__Problem to solve__: In the entries below, every line that contains "dress" must be located and copied.
[Entries shown]
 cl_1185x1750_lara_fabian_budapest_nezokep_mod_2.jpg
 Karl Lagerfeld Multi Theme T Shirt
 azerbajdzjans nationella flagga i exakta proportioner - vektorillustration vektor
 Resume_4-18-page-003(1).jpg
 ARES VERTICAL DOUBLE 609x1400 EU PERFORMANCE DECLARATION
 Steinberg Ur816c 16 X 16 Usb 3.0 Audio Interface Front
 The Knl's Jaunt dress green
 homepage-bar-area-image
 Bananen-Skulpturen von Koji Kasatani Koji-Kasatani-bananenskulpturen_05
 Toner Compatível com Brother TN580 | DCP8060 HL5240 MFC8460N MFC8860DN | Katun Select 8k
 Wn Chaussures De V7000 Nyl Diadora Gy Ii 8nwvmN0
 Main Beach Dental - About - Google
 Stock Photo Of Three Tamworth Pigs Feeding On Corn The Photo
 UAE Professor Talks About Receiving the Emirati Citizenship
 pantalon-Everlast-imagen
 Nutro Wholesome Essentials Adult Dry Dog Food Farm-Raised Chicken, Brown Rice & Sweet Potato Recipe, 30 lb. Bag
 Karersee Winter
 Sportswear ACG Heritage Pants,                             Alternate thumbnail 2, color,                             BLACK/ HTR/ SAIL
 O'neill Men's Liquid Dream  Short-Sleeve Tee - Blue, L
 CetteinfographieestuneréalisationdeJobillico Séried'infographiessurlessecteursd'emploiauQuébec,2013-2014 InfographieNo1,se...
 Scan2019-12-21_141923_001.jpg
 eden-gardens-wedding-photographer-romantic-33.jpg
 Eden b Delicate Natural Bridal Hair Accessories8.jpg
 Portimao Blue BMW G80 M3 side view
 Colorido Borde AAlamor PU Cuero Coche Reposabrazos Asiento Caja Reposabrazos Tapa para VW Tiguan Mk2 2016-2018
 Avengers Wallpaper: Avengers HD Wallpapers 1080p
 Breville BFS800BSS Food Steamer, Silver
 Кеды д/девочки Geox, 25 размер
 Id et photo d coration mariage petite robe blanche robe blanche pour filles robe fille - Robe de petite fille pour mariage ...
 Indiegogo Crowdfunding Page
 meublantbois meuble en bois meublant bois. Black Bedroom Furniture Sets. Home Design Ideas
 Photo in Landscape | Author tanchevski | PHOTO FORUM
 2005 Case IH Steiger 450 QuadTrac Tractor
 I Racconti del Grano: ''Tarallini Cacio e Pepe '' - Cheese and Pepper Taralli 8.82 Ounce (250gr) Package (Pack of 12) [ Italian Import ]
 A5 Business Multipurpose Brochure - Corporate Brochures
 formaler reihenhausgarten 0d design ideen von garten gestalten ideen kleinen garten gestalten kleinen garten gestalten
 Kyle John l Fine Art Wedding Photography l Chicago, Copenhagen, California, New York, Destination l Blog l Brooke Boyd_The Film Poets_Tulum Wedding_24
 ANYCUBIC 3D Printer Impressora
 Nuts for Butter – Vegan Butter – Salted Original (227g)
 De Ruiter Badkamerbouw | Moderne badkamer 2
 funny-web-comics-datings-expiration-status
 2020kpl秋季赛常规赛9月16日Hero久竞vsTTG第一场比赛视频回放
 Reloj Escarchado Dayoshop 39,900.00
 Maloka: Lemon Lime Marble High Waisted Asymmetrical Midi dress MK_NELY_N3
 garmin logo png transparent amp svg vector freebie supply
[/Entries shown]
__Solution to the problem__:
 The Knl's Jaunt dress green
 Maloka: Lemon Lime Marble High Waisted Asymmetrical Midi dress MK_NELY_N3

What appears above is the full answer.